#### [Problem details]
Exclude the pictures. Transcribe exactly, and only, the lines from the one holding "Camisa casual rosa" to the end of the material below.

#### [Available data]
——————————

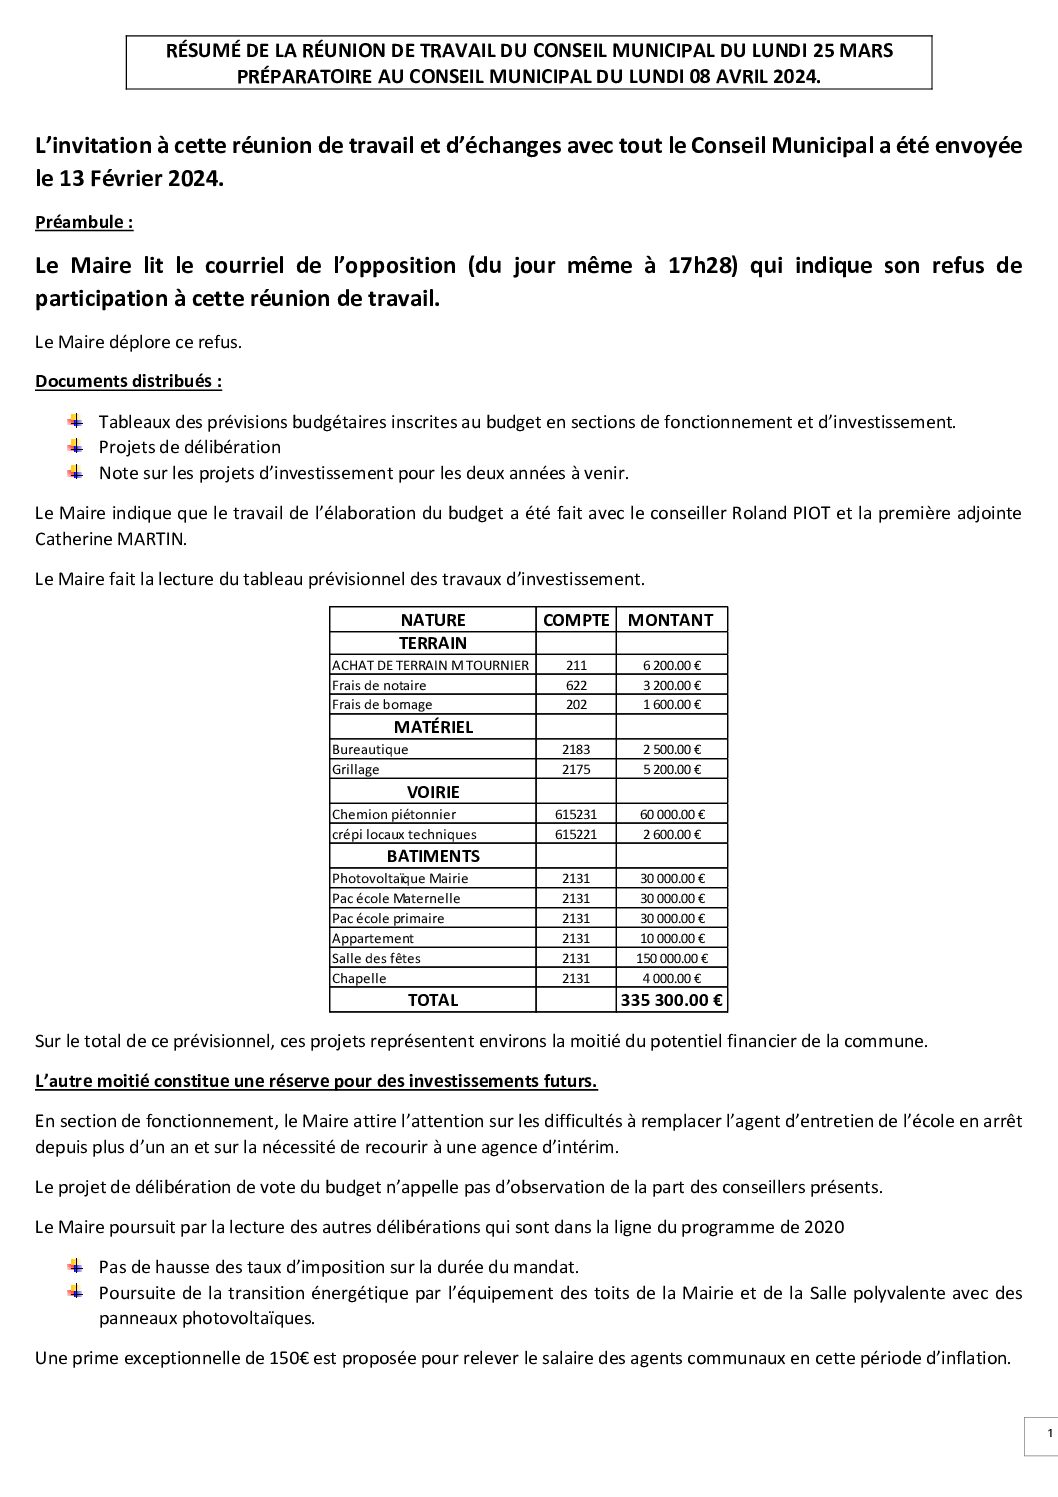 Compte rendu de Réunion préparatoire du 25 Mars 2024
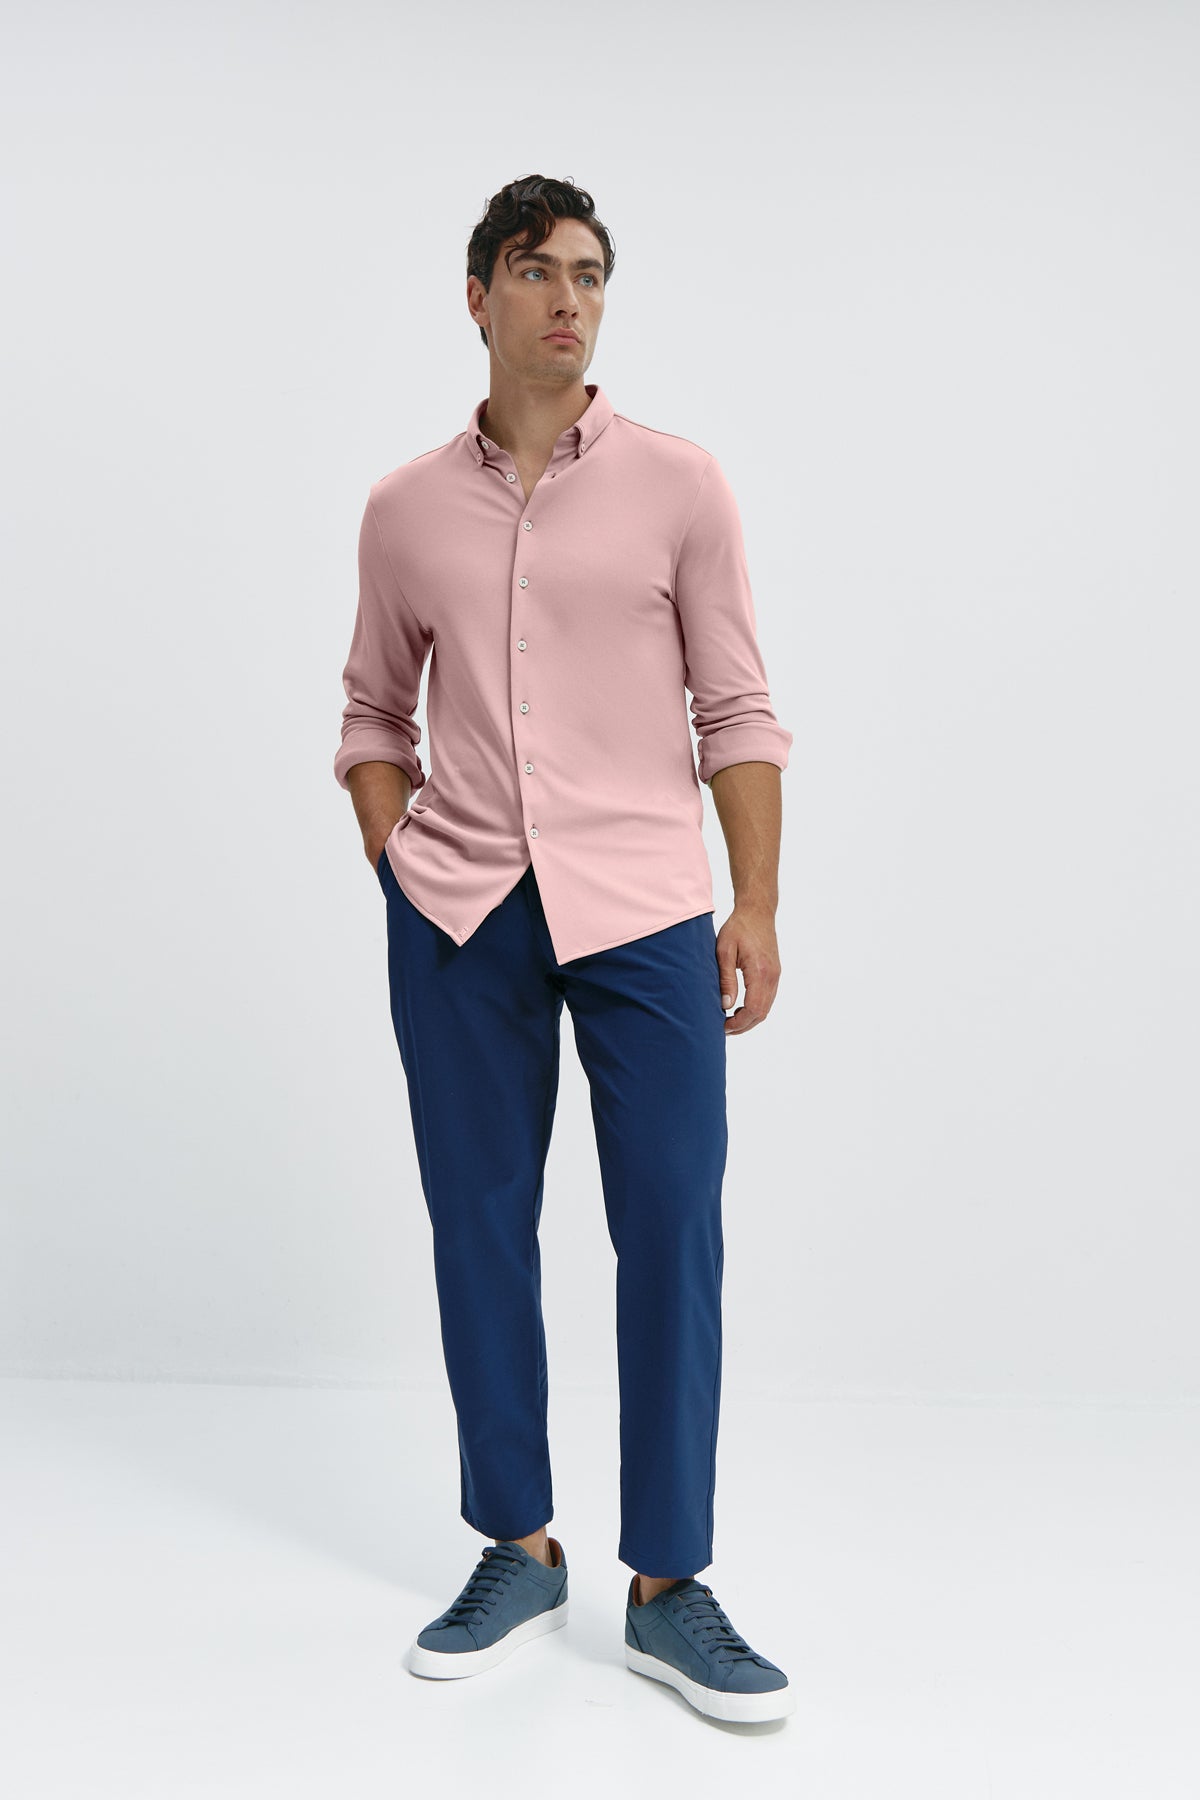 Camisa casual rosa salinas para hombre sin arrugas ni manchas. Manga larga, antiarrugas y antimanchas. Foto cuerpo entero
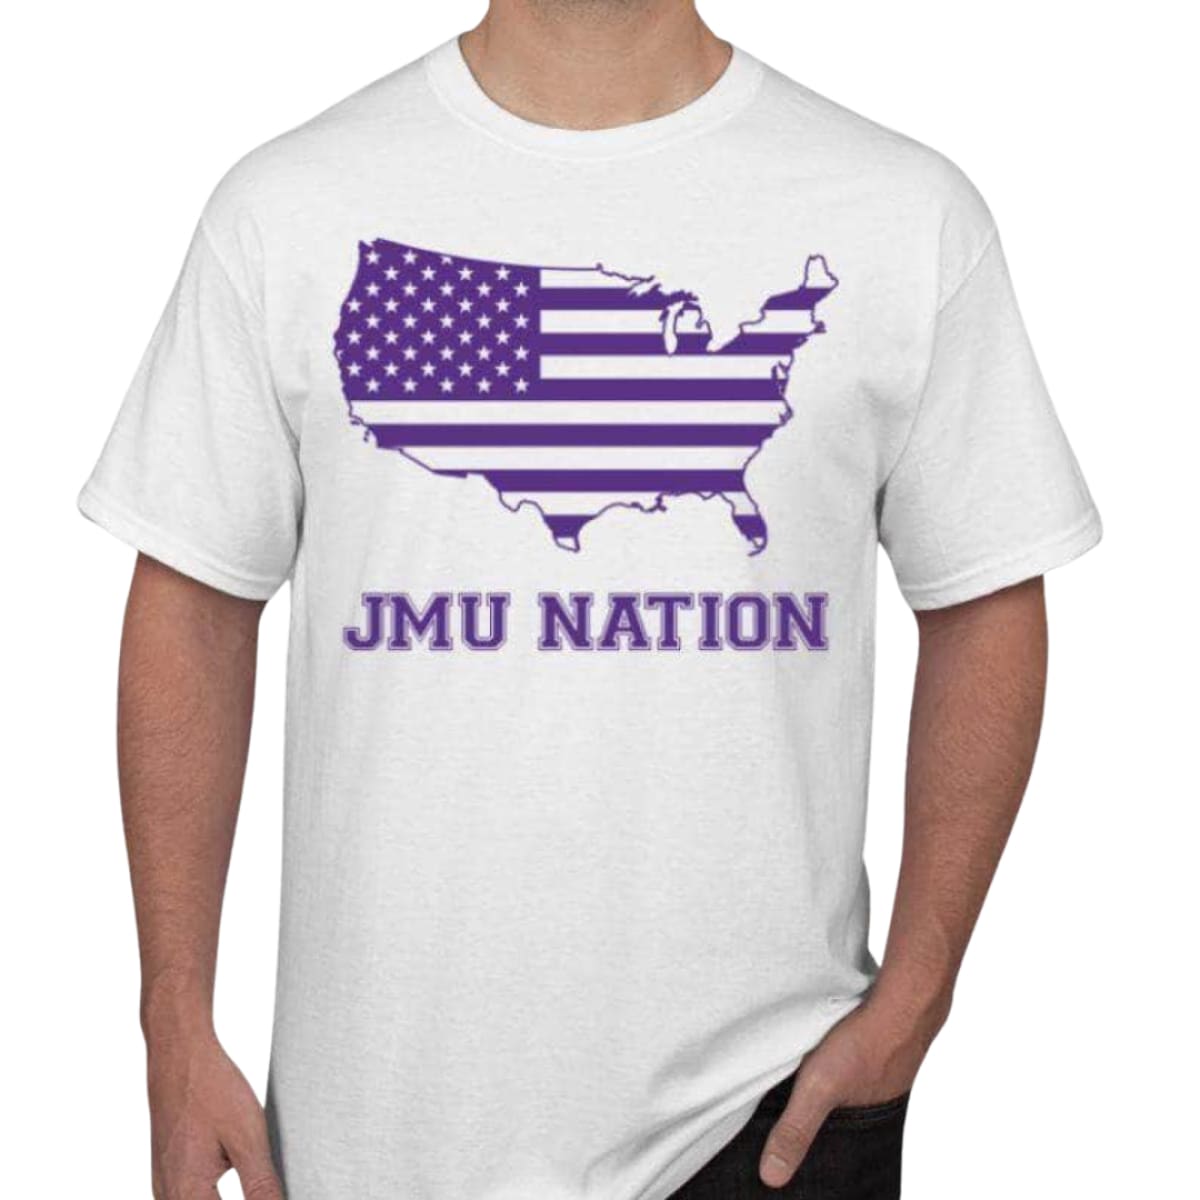 JMU Nation Men’s/Unisex Short Sleeve T-Shirt - S / White
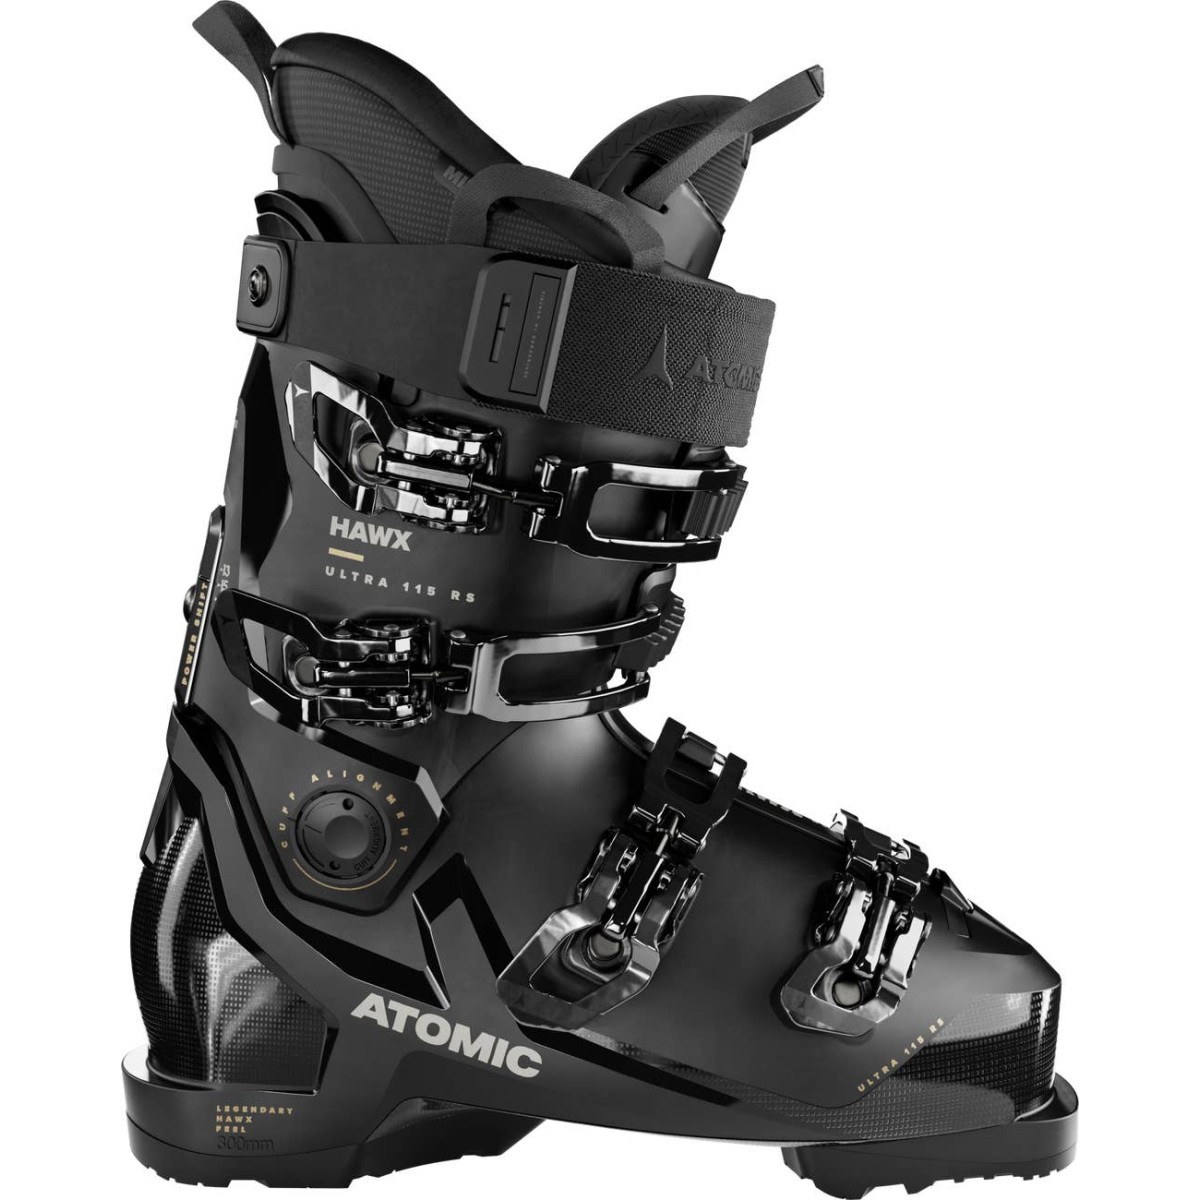 ATOMIC HAWX ULTRA 115 RS W GW alpine ski boots - black

——————————

#### [Completed exercise]
 Camisa casual rosa salinas para hombre sin arrugas ni manchas. Manga larga, antiarrugas y antimanchas. Foto cuerpo entero
 JMU Nation Men’s/Unisex Short Sleeve T-Shirt - S / White
 ATOMIC HAWX ULTRA 115 RS W GW alpine ski boots - black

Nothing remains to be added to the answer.